Simulation data sets
In order to assess the running efficiency with or without recombination hotspots, we simulated a set of DNA sequences (i.e., haplotypes) according to 0-, 2-, and 5-hotspot models using these five simulators respectively. All three hotspot models were simulated based on sequences with lengths 1- and 5-Mb, respectively. For each hotspot model and each sequence length, we simulated sample sizes (i.e., number of sequences) of 100, 500, 1,000, and 10,000, respectively. We implemented a symmetric two-island model with a total effective population size of 10,000. The recombination rate and mutation rate were both assumed to be 1.0 × 10-8 per site. Fifty replicates were done and the running times were recorded. All simulations were run on the platform — Linux OS, 2.0-GHz CPU, 1TB-RAM.
To validate the recombination hotspot position and intensity accuracy, we simulated the data sets according to 2- and 5-hotspot models along a 200-kb long DNA sequence. The recombination hotspots’ intensities were set to be 100 times higher compared to the background recombination rates.
The features of the five simulators (i.e., ms, msHOT, MaCS, Simcoal2, and fastsimcoal) are shown in Table 1. Except for ms, all the other four simulators are able to simulate recombination hotspots with arbitrarily chosen recombination rates. Simcoal2 and fastsimcoal cannot simulate gene conversion events, whereas ms, msHOT, and MaCS could. MaCS, Simcoal2 and fastsimcoal allow stochastic uncertainty in sampling of segregating sites to be incorporated as a factor. For simulating rare mutation events, the desired allele frequencies could be preset for MaCS, Simcoal2 and fastsimcoal, but not for ms and msHOT. One of the advantageous features is that these coalescent simulators are able to simulate according to presumed migration patterns (e.g., between subpopulations residing in islands A and B), although the population structures vary to some degree — ms, msHOT and MaCS require these subpopulations to be symmetric across all islands (i.e., islands A and B must have equal sample sizes, but A→B and B→A migration rates could differ), while both Simcoal2 and fastsimcoal allow for arbitrarily chosen population structures (i.e., these programs allow for asymmetry). This feature makes the coalescent simulation a good choice for simulating admixture populations. Both Simcoal2 and fastsimcoal could simulate a mixture of different data types including DNA sequences, SNPs, microsatellites, which make them good tools for studying a variety of chromosome structures. In particular, the coalescent simulation strategy of fastsimcoal2 adopts a so-called “Approximate Bayesian Computation (ABC)”  to estimate the demographic parameters and the mutation and recombination rates, which has a unique feature that allows for sampling simulation parameters from predefined prior distributions, thus facilitating simulations for estimating the parameters. Because Simcoal2 implements a discrete time generation-by-generation simulation, it allows for multiple coalescent events per generation.
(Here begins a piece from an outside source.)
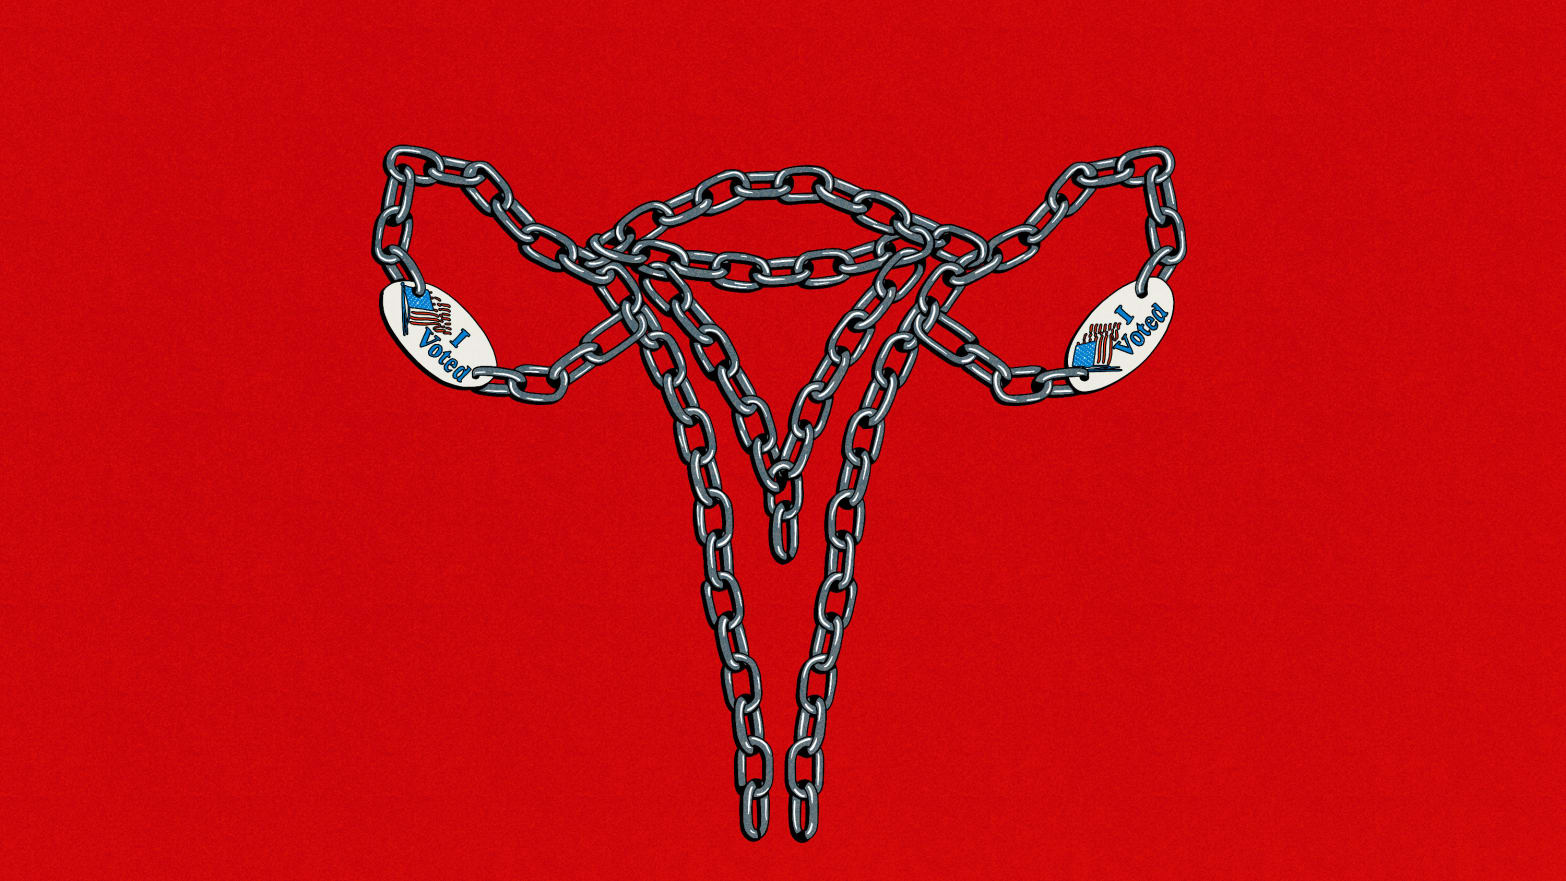 Illustration of a uterus made out of chains with "I voted" stickers

However, the generation-by-generation simulation is very time-consuming, which significantly lowers its computational speed (see below).
For each design of simulation, we generated 50 replicates according to our simulation settings (see simulation data sets in Methods section) and the average execution times are presented in Tables 2 and 3. For simulations of a 1-Mb sequence (Table 2), all the simulations could be performed within 6 minutes. When sample size was increased to 10,000, both ms and msHOT gave a segmentation fault error on our platform (Linux OS, 2.0-GHz CPU, 1TB-RAM) when 0-hotspot model was simulated. For simulations of a 5-Mb sequence (Table 3), both ms and msHOT gave segmentation fault errors when the sample sizes exceeded 500. This indicates the limitations of ms and msHOT in simulating long sequences and for large sample sizes. It is interesting that when recombination hotspots are simulated, msHOT is able to simulate long DNA sequences for large sample sizes. This is because msHOT is exactly the same as ms when simulating a 0-hotspot model. When simulating 2- and 5-hotspot models, msHOT and Simcoal2 performed much slower than MaCS and fastsimcoal because of algorithmic differences. Further, when the number of hotspots got larger, msHOT performed slower than Simcoal2. To simulate 1,000 DNA sequences (i.e., haplotypes), it could take three and a half hours for msHOT, and one and a half hours for Simcoal2, respectively. In contrast, MaCS and fastsimcoal were much faster – simulating 1,000 of 5-Mb sequences under the 5-hotspot model took only 90 seconds for MaCS and 40 seconds for fastsimcoal, respectively. For all simulation settings, fastsimcoal always performed a little faster than MaCS (Tables 2 and 3). It is worthy to mention that increasing the number of hotspots did not affect the execution times for MaCS, Simcoal2, and fastsimcoal, but did so for msHOT.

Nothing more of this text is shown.